(DRAWSKO POM. - GMINA. ) Ludzie skarżą się, bo jeżdżą do Czaplinka do pracy. Teraz ranki są chłodne. Pytają, dlaczego nie ma szyb.
Zniszczone przystanki autobusowe to zmora mieszkańców gminy korzystających z komunikacji PKS. O ile w okresie letnim zniszczenia przystanków nie były zbyt kłopotliwe, o tyle obecna aura mocno daje się we znaki oczekującym podróżnym. Czy jednak gmina zdecyduje się na naprawę zniszczonych przystanków?
Tę kwestię podczas sesji poruszyli sołtysi Mariusz Rufkiewicz sołtys Jankowa oraz Józef Więckowski sołtys Suliszewa. Prośby sołtysów o naprawy przystanków pojawiły się już po raz kolejny. Opór w kwestii napraw ze strony magistratu wynika z notorycznych aktów wandalizmu przystanków. W pewnym momencie powiedziano dość. Skoro przystanki są niszczone, nie będą naprawiane. O ile w okresie letnim, gdy było ciepło sołtysi zgadzali się z decyzją magistratu, o tyle w okresie jesiennych chłodów oraz zbliżającej się zimy prośby o naprawę nabrały na sile, aczkolwiek sołtysi poszli na pewne ustępstwa.
- Komisja była w Jankowie, pokazałem ten przystanek, jest najstarszym. Myślę, że na dzisiaj przystanki nie powinny być takimi gablotami, w których młodzież robi, co chce. Uważam, że wystarczy dach i siedzenia bez ścianek bocznych. Osoby idące na przystanek nie idą siedzieć tam na godzinę, tylko na kilka minut. Poczekają, przyjedzie autobus i sprawę mamy załatwioną. A sprawa wygląda, jak wygląda. Jest cieplutko, w koło dmucha, a młodzież robi, co chce i nie ma na to siły. Zwracam się z prośbą o wymianę tego przystanku bądź jego wyremontowanie - apelował sołtys Jankowa.
Krzysztof Więckowski sołtys Suliszewa przypomniał, że już w kwietniu składał interpelację, iż zostały wybite szyby. Wówczas decyzja magistratu była taka, aby nie naprawiać.
- Popieram panie burmistrzu, decyzja była słuszna, bo wreszcie się nauczyli, bo teraz nie ma huligaństwa, bo szyb nie ma.
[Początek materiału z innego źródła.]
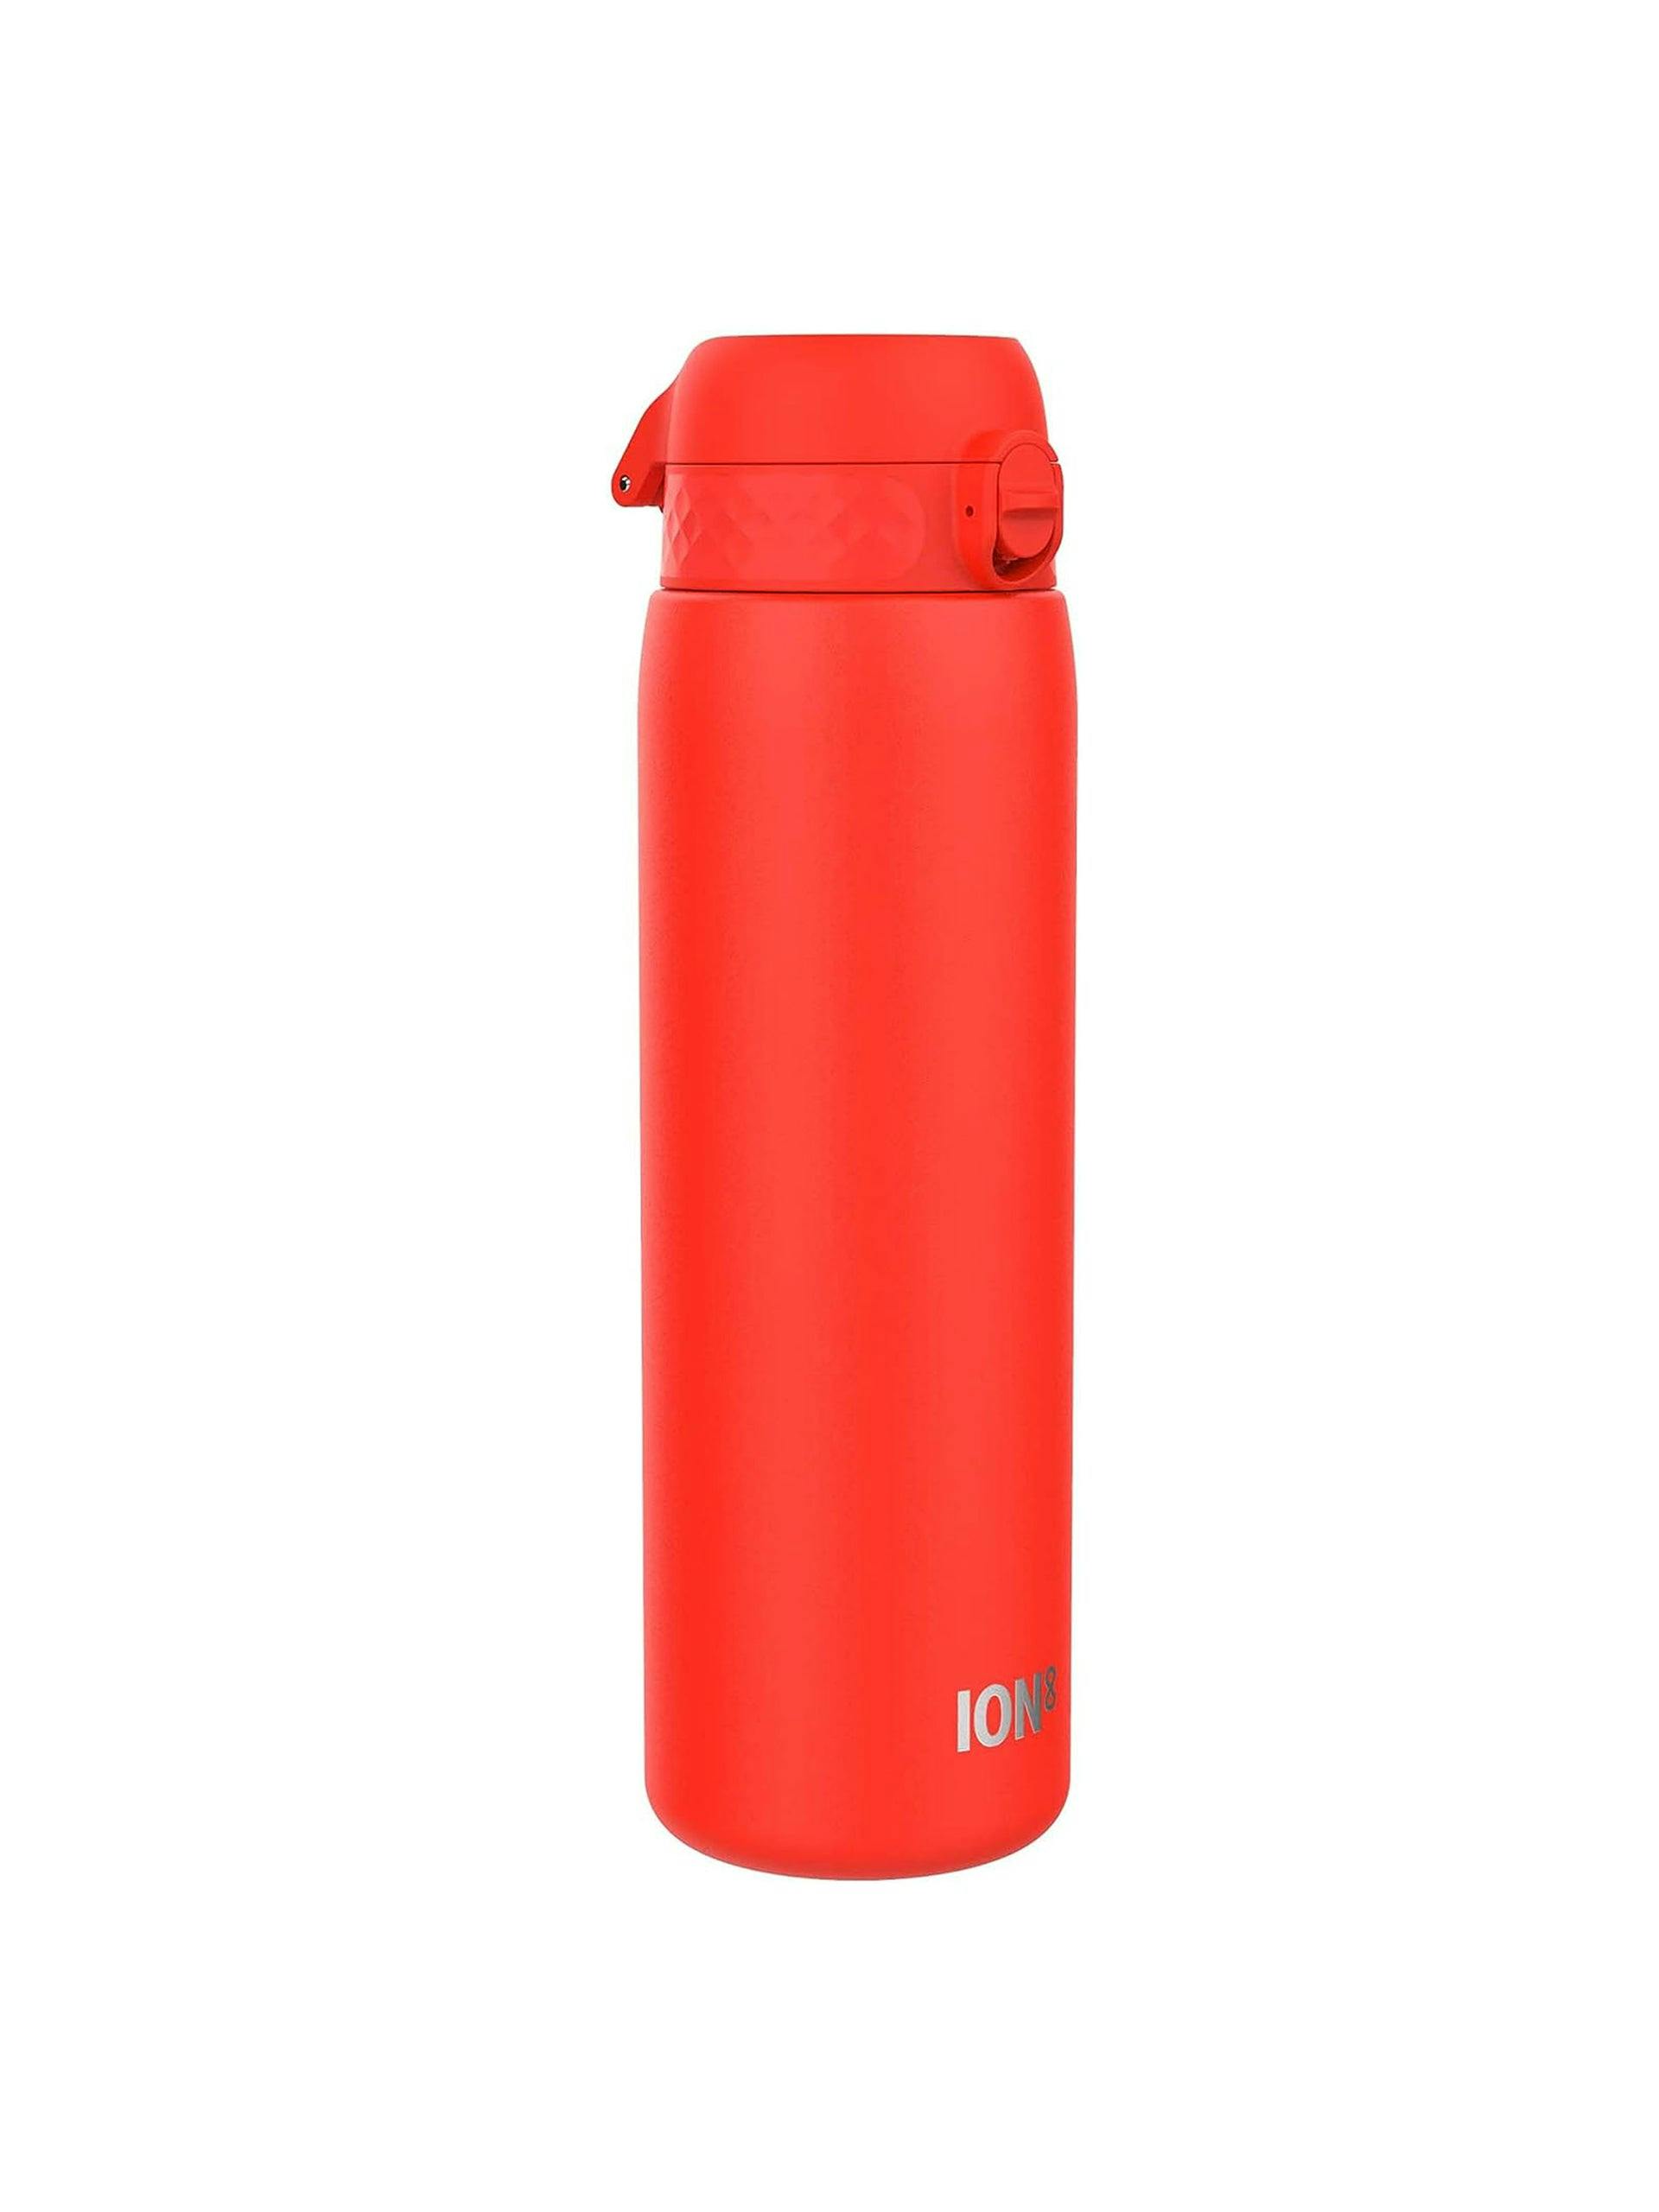 Red stainless steel water bottle

Jednak ludzie skarżą się, bo jeżdżą do Czaplinka do pracy. Teraz ranki są chłodne. Pytają, dlaczego nie ma szyb. Wieś już dosyć dostała przez te pół roku. To było lato, ale teraz panie burmistrzu warto byłoby zastanowić się, czy przystanek obić czymś, bo jest chłodno – dodał sołtys Suliszewa.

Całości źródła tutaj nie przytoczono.